**Task to complete**
Every line of the material is to be returned verbatim. Pictures stay out.

**Provided material**
# # #

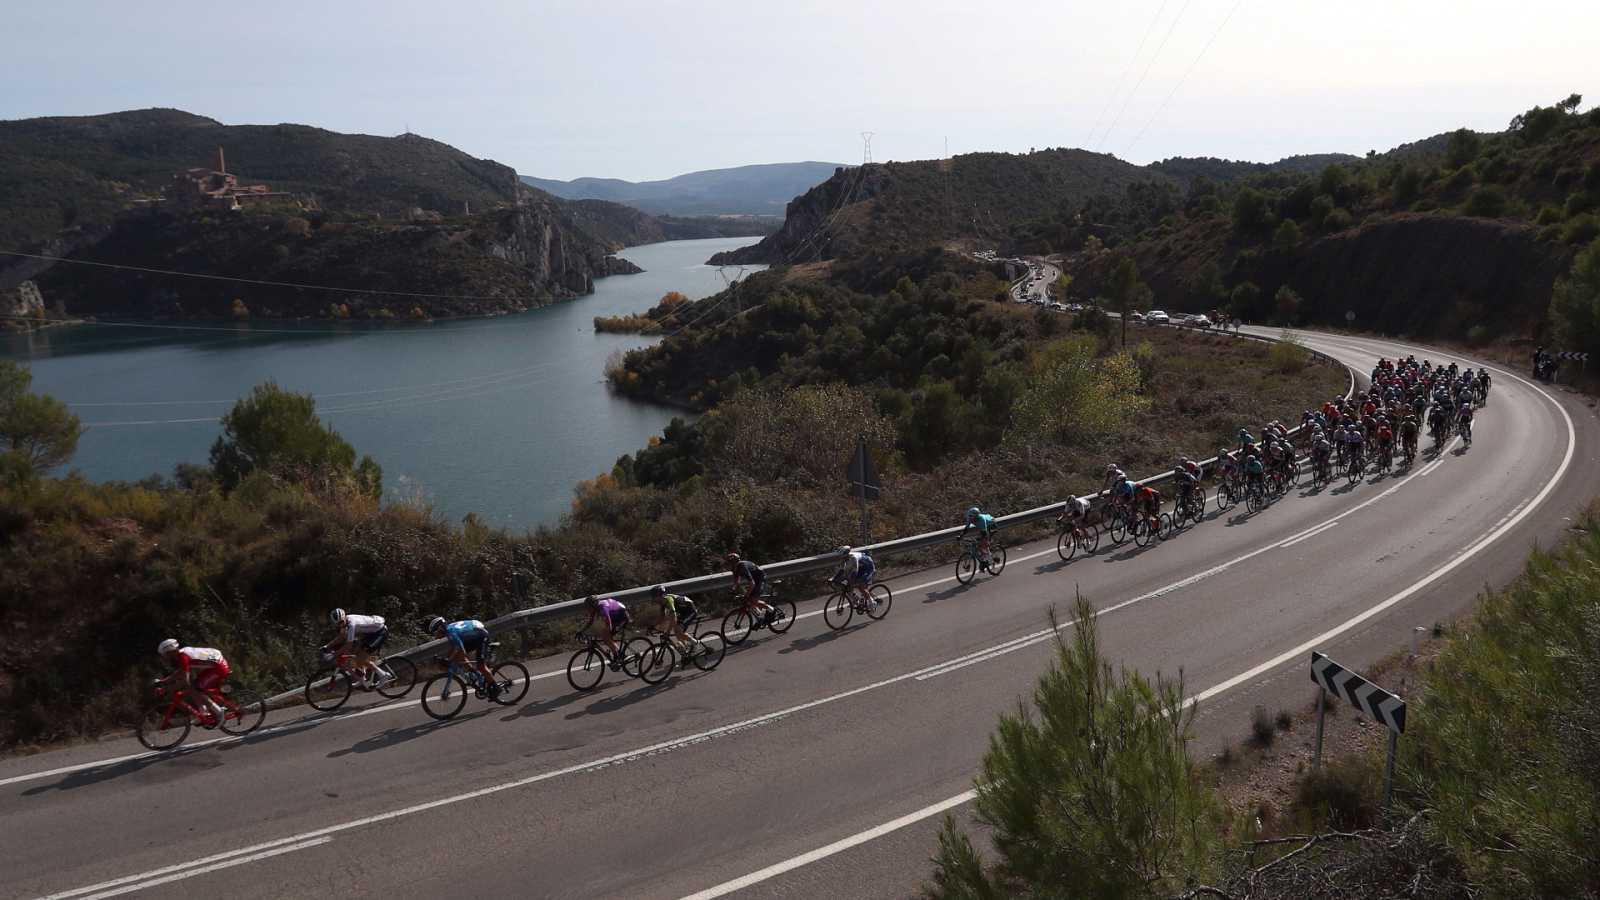 Vuelta ciclista a España 2020 - 5ª etapa: Huesca - Sabiñánigo (Podium) - ver ahora
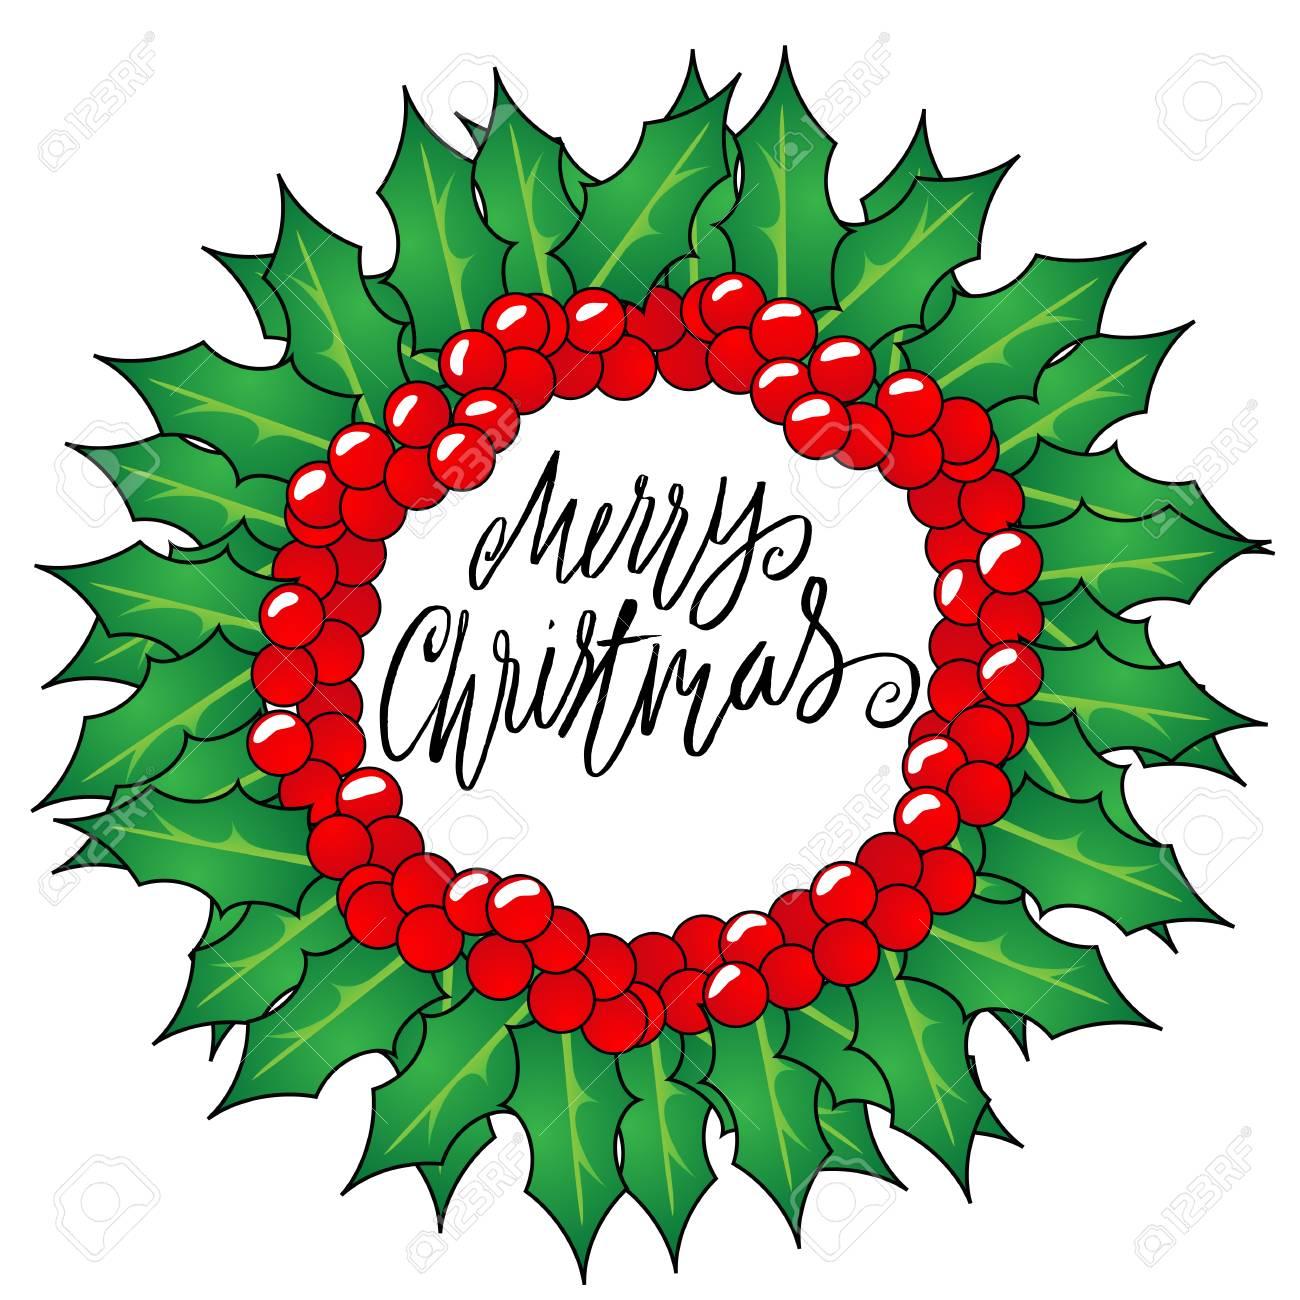 tarjeta de felicitacin con unas guirnaldas de navidad y feliz navidad del mensaje letras de - Guirnaldas De Navidad
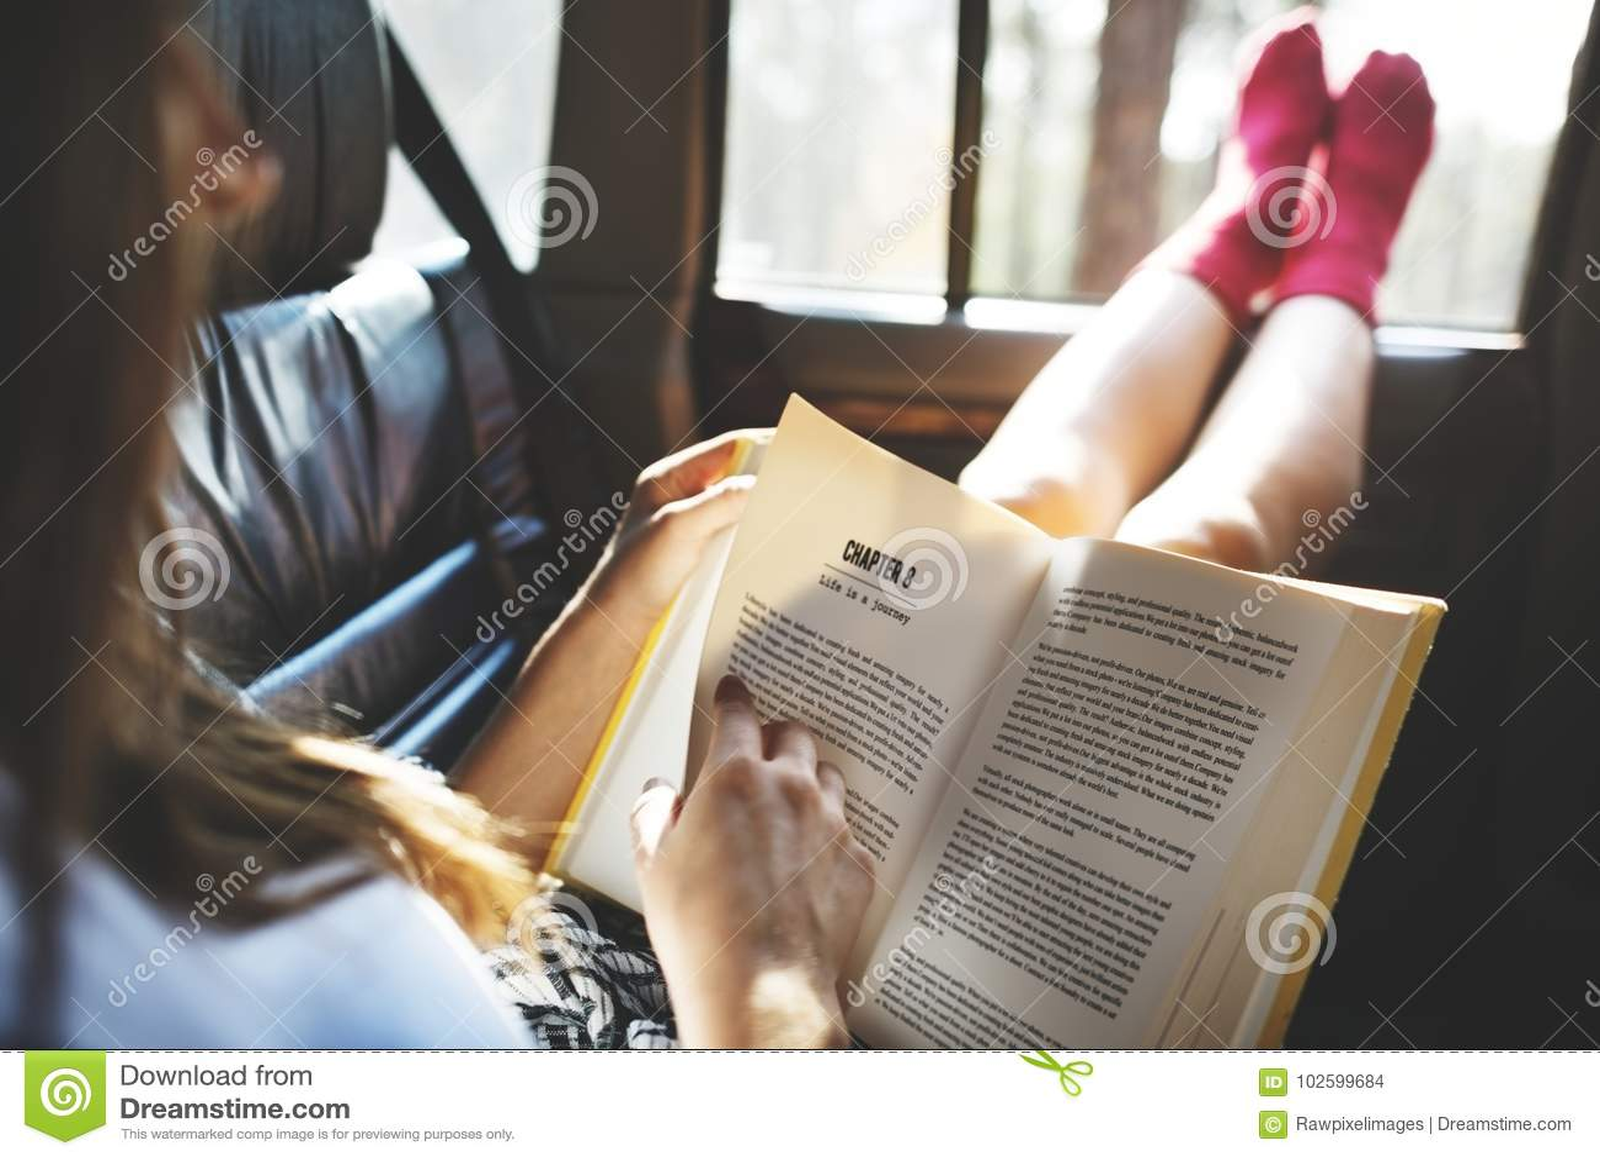 Dziewczyna czyta książkę w samochodzie

# # #

**Expected answer**
 Vuelta ciclista a España 2020 - 5ª etapa: Huesca - Sabiñánigo (Podium) - ver ahora
 tarjeta de felicitacin con unas guirnaldas de navidad y feliz navidad del mensaje letras de - Guirnaldas De Navidad
 Dziewczyna czyta książkę w samochodzie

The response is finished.